# Londinium R PI Pressure



## Dunk (Mar 26, 2015)

I had a play this morning doing a little experiment with how PI pressure effects the taste.

So i pulled two shots back to back this morning. All 18g dose 7s PI time and 36g in the cup in 30-36s. Coffee Craft House Papua New Guinea. 18g IMS basket.

1 - PI pressure 2.5

Lack of taste, sweet but not body or real noticeable flavour, under extracted i suspect.

2 - PI pressure 4

Punchy, maybe a little drying but flavours coming through, slightly over extracted i think.

From this i put the machine to 3.8 bar PI. Kinda crazy how much it changes the shot.

Anyone else done this kinda experiment with their LR?


----------



## PPapa (Oct 24, 2015)

Does it need to be redialled in? I wonder if changing grind/yield makes a difference after a change in PI.

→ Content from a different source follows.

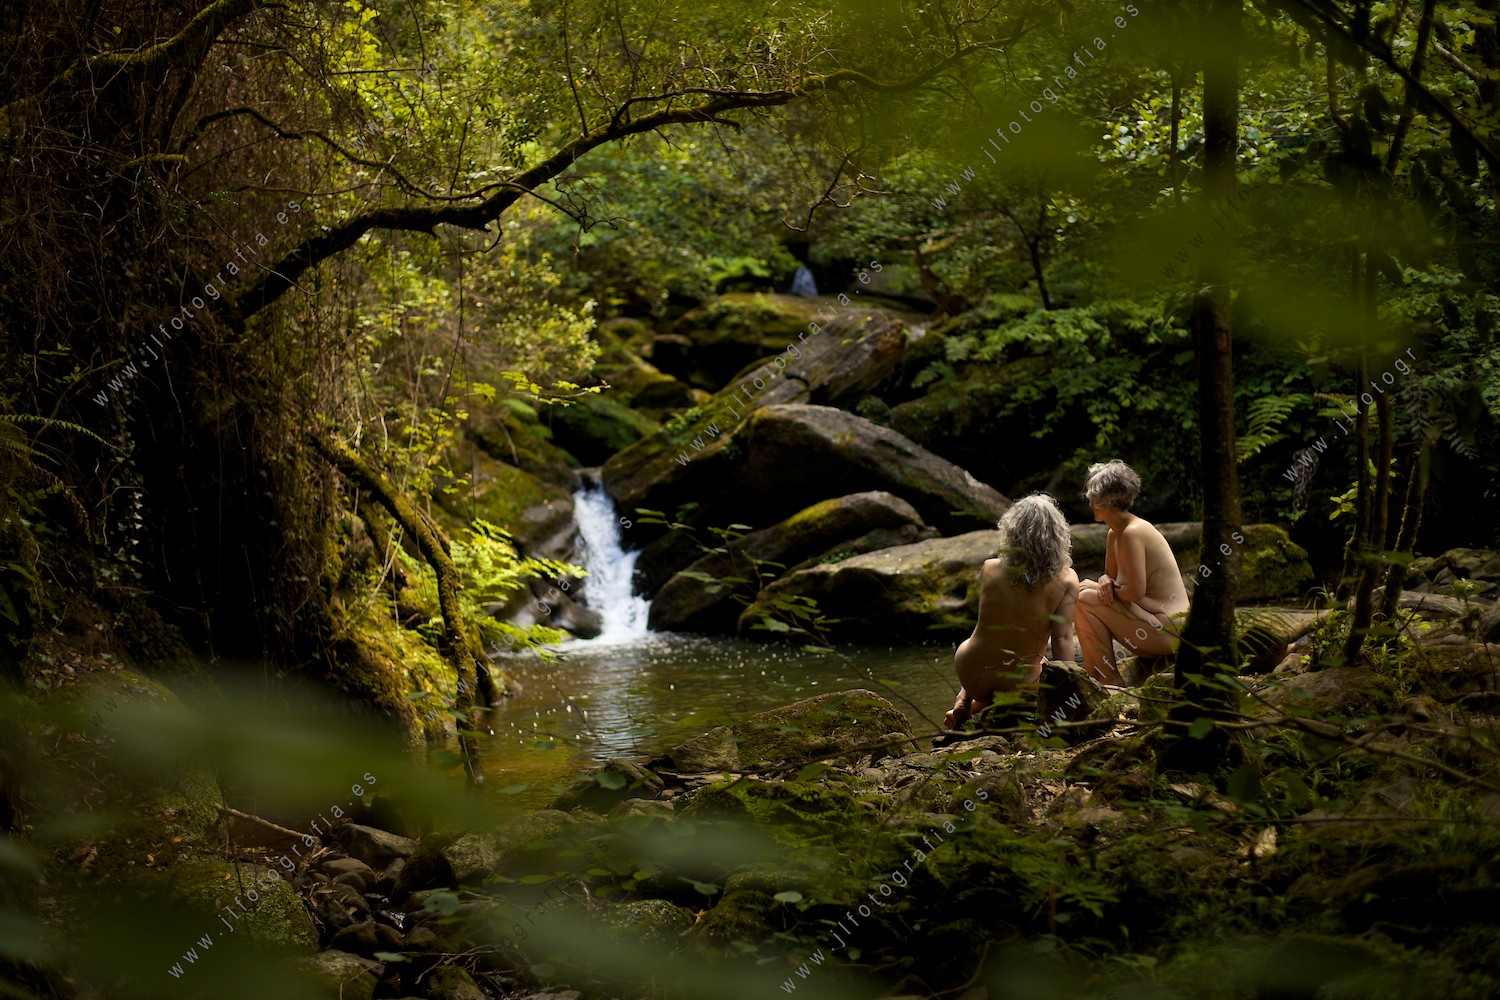 Dos mujeres desnudas sentadas en la orilla del río junto a una cascada.
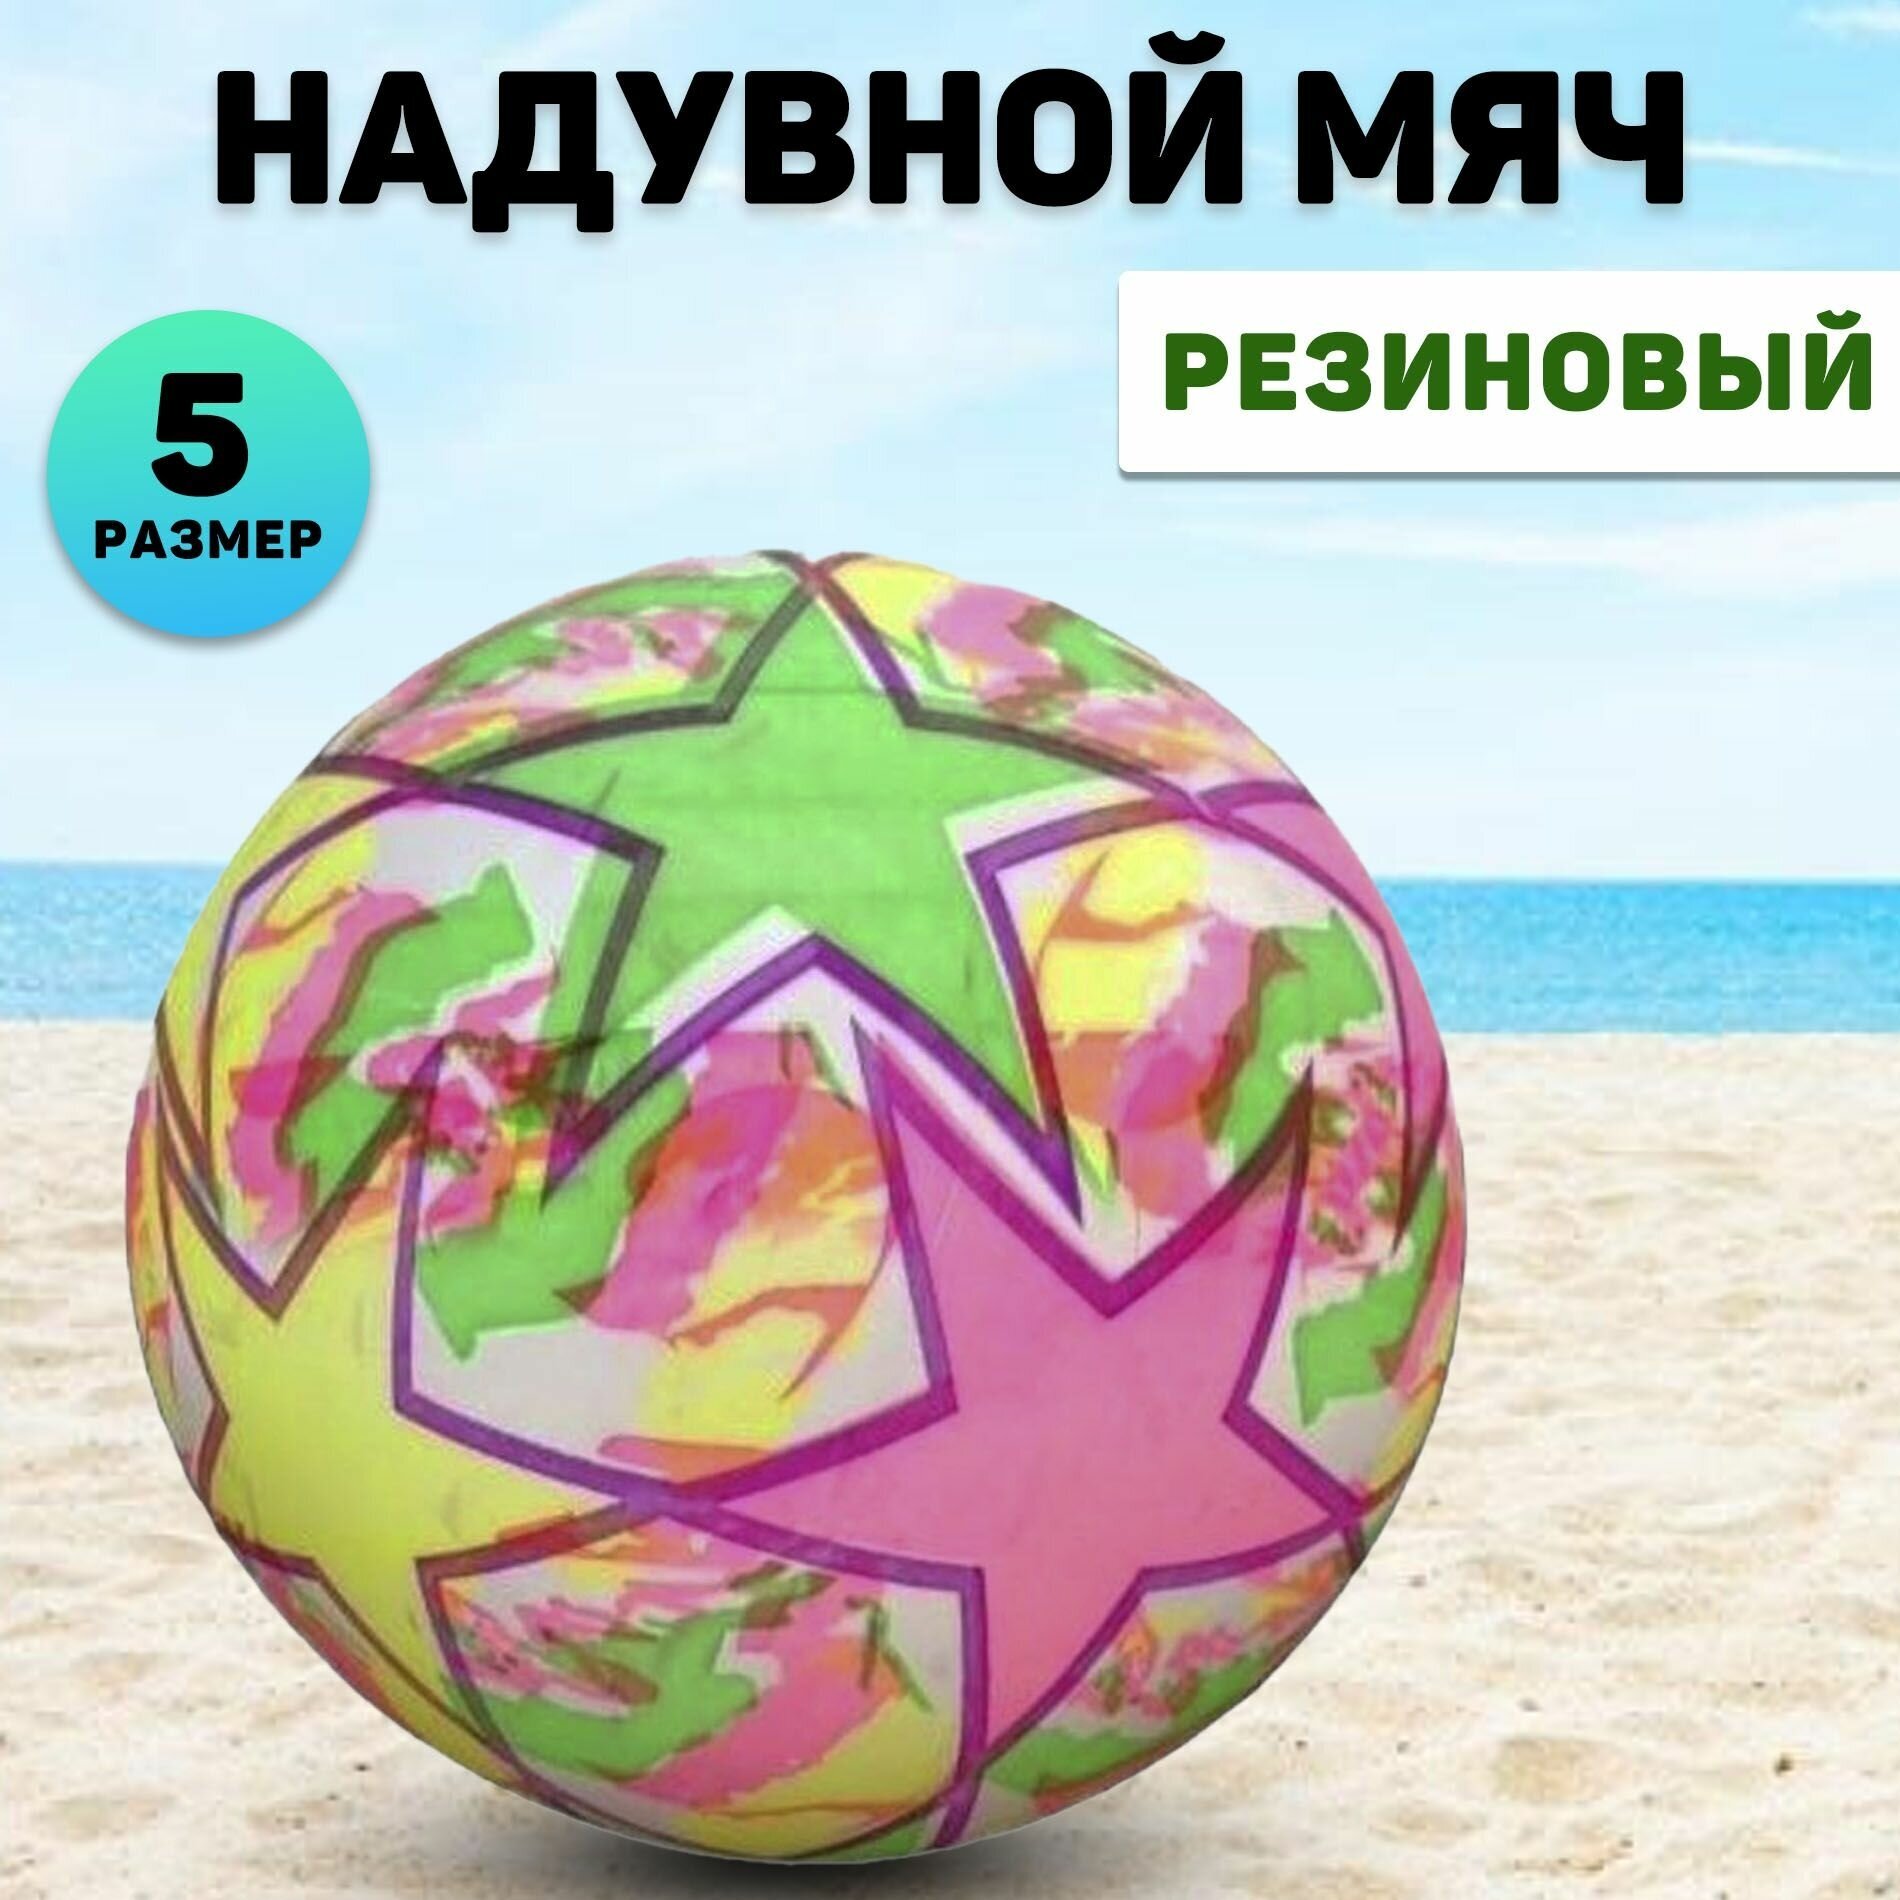 Мяч Miksik, резиновый, для детей от 1 до 9 лет, пол унисекс, 23 см в диаметре

I'm yet to get a PI module for my LR. I'm just too uncomfortable taking it apart.


----------



## Dunk (Mar 26, 2015)

PPapa said:


> Does it need to be redialled in? I wonder if changing grind/yield makes a difference after a change in PI.
> 
> I'm yet to get a PI module for my LR. I'm just too uncomfortable taking it apart.


 Yes so at a higher PI i had a slightly finer grind to account for the added PI pressure


----------



## mctrials23 (May 8, 2017)

I want to play around with PI pressure a bit more but I can't be bothered to keep taking the case on and off whenever I want to do it. Not sure why the wireless module isn't available yet. Frans seems to have had it for about 6 months now and it looked like it was working fine.


----------



## Mrboots2u (May 10, 2013)

Dunk said:


> I had a play this morning doing a little experiment with how PI pressure effects the taste.
> 
> So i pulled two shots back to back this morning. All 18g dose 7s PI time and 36g in the cup in 30-36s. Coffee Craft House Papua New Guinea. 18g IMS basket.
> 
> ...


 At a 1:2 ratio it is unlikely you are over extracting no matter what the pre infusion pressure. By this I mean hitting over 20% EY.

This doesn't mean it isnt changing taste in the cup though , different flow rates and pressure infusions do have an effect. Same as brewing a shot at 4bar all the way ...

Remember most commercial pump machines are probably running at 3 bar pressure pre infusion in cafes ( NS etc ) .


----------